I think recognizing this is important, because as a whole I tend to make very
snap judgments about people and tend to air those judgments or let them colour
my entire experience with the person. I
also tend to do a lot of judgments on myself, which might make me hold off
sometimes. So this is something I really
need to work on being mindful about.
Stay Focused
Stay in the present; concentrate on your mind and not
getting lost in the past, or the future.
If your mind strays the goal is to being yourself back. Experience what’s happening now and don’t
place the baggage of the past or the expectations for the future on what you’re
doing now. Do one thing at a time, don’t
get caught up in everything that needs to happen. If it seems chaotic, go through it
mehodically insteady of going in everywhere with it.
To sum it up. Focus
on one step at a time, and experience that step for all that it’s worth.

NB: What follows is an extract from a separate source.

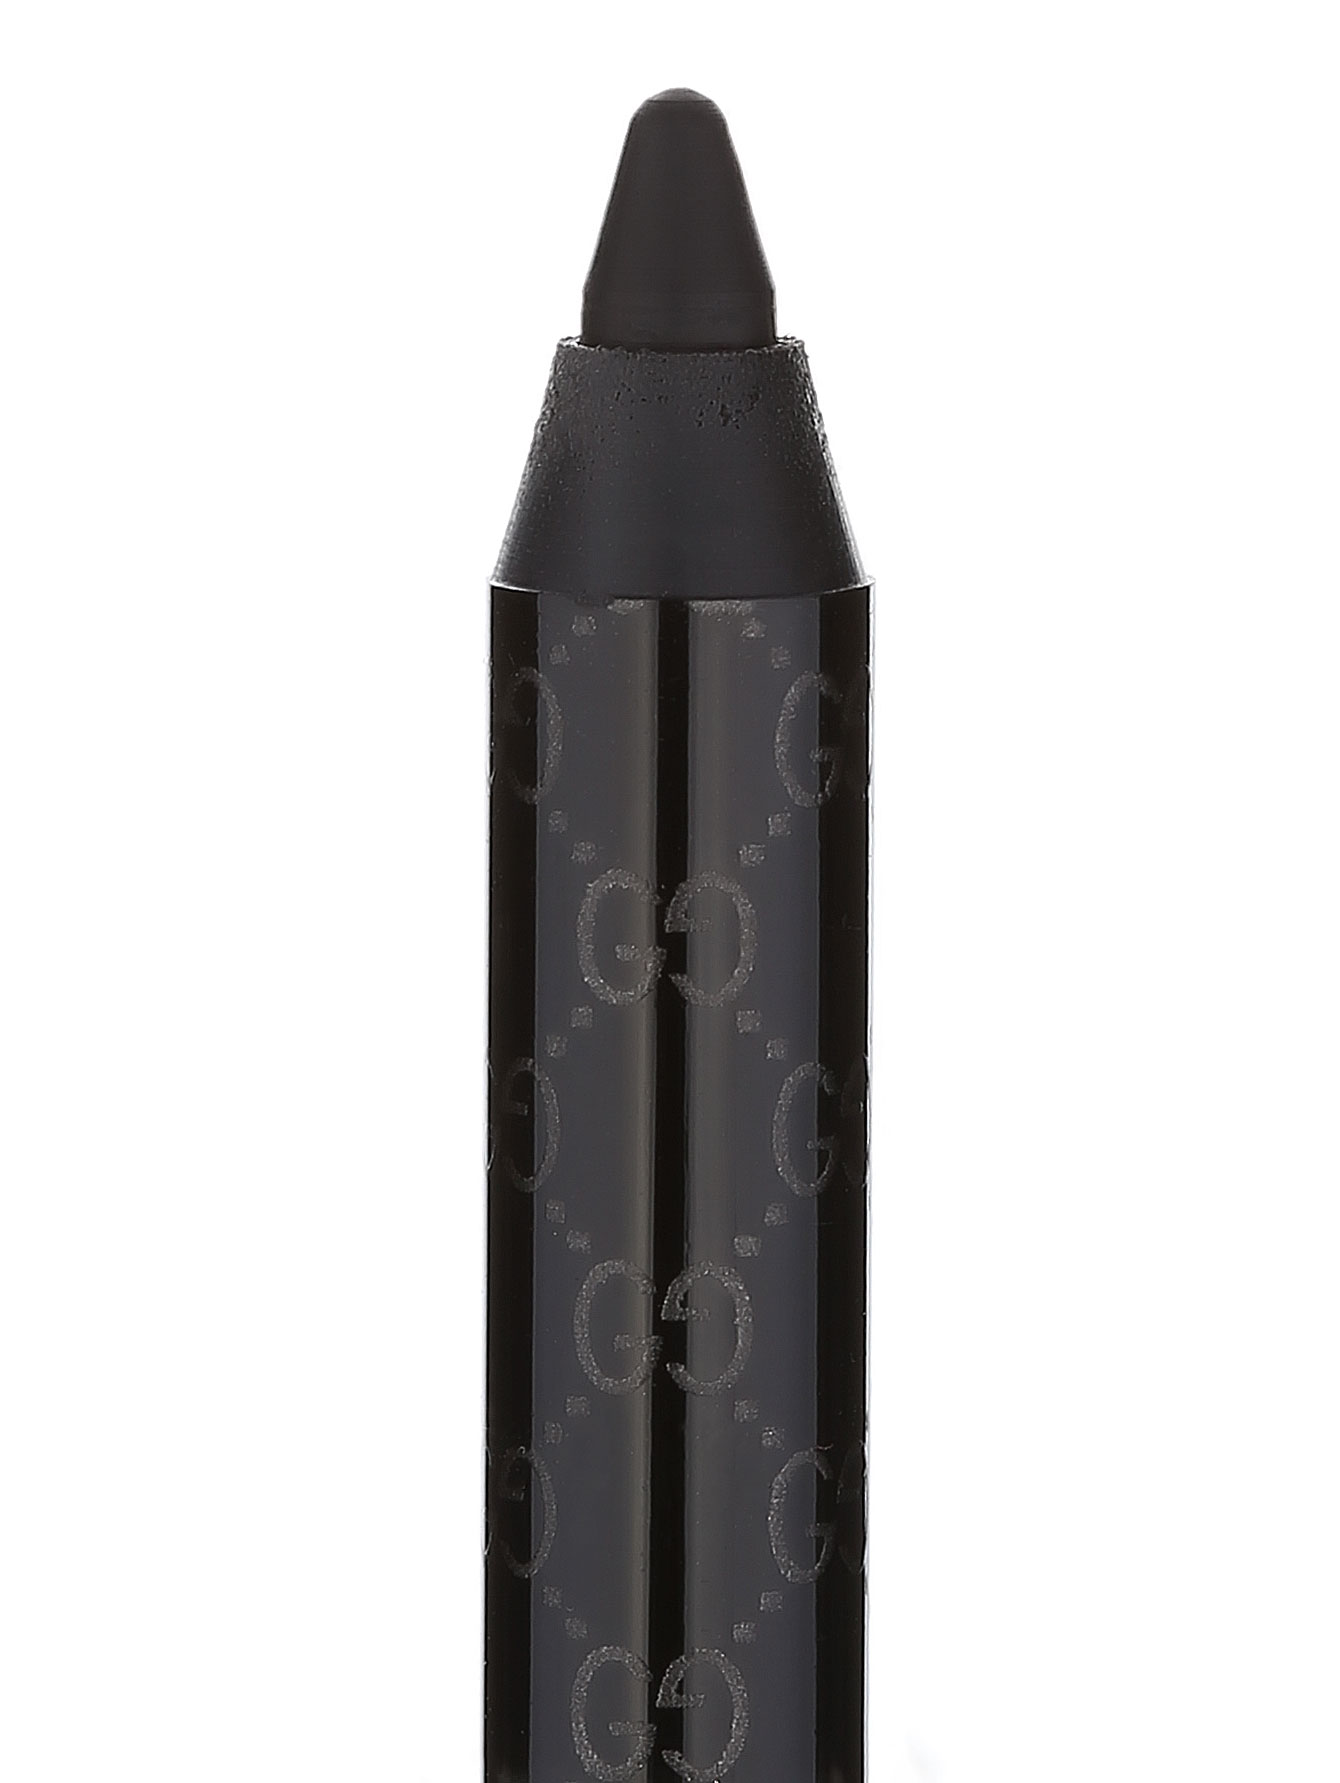  Карандаш для глаз - №010 Iconic Black, Makeup - Модель Верх-Низ

Honestly, I am not sure how I really applied this
today. I stayed engaged, so I think that
that counts.
Do What Works
Play by the roles, don’t let emotions control you, use your
skills, do what you need to succeed and let go of what doesn’t work.
So letting go of the baggage, the anxiety, the frustration
of not being in control; or rather realizing that I still am in control just
not in the way I usually am. I am not
the expert here and that’s okay. Although I control how my treatment goes, and
I can only do the best that I can. I
shouldn’t be afraid of getting better.
That was the first session, summed up in the skills we
learned today. I have homework of
course, which I think I sort of just did.
I am thinking I should give my therapist a link to my blog. I also found how much of this I was able to relate back to doing improv in high school, I think adding in some drama therapy to DBT might be interesting, and it order.
Also, I think I made a friend today! Yay. Maybe this group therapy doesn’t have to be
stressful. It was cool to relate to
someone who has BPD and ADD as well.
More to come on Thursday after my next session!